Aan de west- en zuidzijde van de wijk zorgt een groene bufferzone met een (in het zuiden verbrede) watergang voor een goede aanhechting op het bestaande bebouwde gebied van Jachtkamp I en waarborgt doorzichten van en naar het omringende landschap. De watergangen vervullen daarnaast een belangrijke rol in het voldoen aan de wateropgave.

De wegenstructuur met gebogen vormen, is gebaseerd op de kenmerkende opbouw van de lintstructuur van Bantega en zorgt voor een geleidelijke 'afronding' van de dorpsrand.

4.4 Duurzaam bouwen

Duurzaam bouwen is het op zodanige manier bouwen dat gedurende de gehele levensloop van het gebouw en de gebouwde omgeving zo min mogelijk (milieu-)belasting ontstaat. Aandacht voor duurzaamheid betekent expliciete aandacht voor een gezond, leefbaar binnenmilieu van de woningen, beperkingen van de negatieve gevolgen voor mens en milieu en beperkingen van de woonlasten op termijn (energierekening).
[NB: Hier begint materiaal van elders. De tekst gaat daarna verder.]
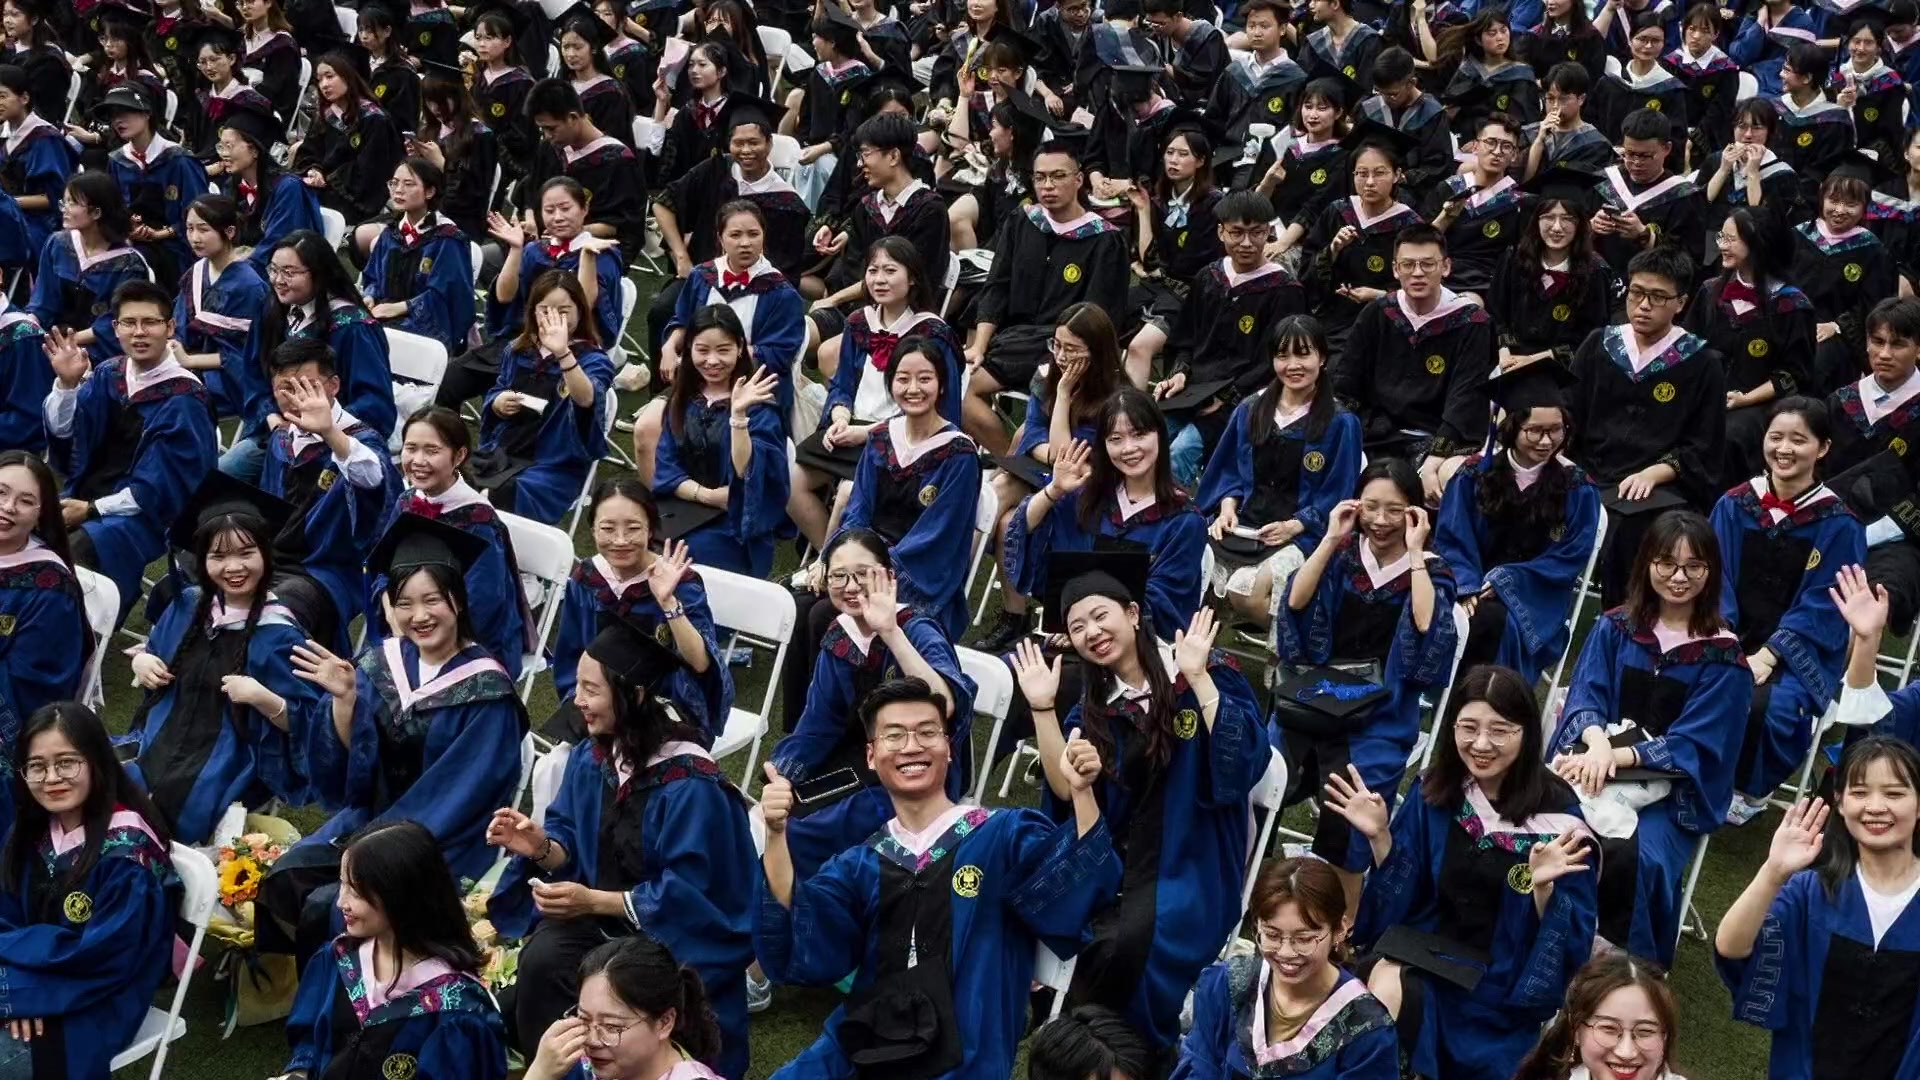 [지구촌 포토] 중국 우한 대학교 졸업식에 9천 명 모여

Duurzame stedenbouw is een belangrijk en voorwaardenscheppend onderdeel van duurzaam bouwen. Verschillende nieuwe, maar zeker ook al bestaande, initiatieven en/of maatregelen worden in het kader van duurzaam bouwen samengevoegd tot het concept van een plan. Deze initiatieven en maatregelen vormen samen de bouwstenen.

In het voorliggende plangebied is duurzame stedenbouw een belangrijk uitgangspunt geweest. Een deel van de woningen is zodanig gesitueerd dat de dakvlakken op het zuiden liggen en daardoor zonnepanelen of - collectoren mogelijk zijn.

Daarnaast is het aspect water een bepalende factor bij de ontwikkeling van het gebied. Er is een ruime oppervlakte water en groen ter compensatie van de toename van verharding van het gebied zodat het regenwater in het gebied kan worden vastgehouden.

Bij het realiseren van de woningen zal zoveel mogelijk gebruik worden gemaakt van verantwoorde materialen.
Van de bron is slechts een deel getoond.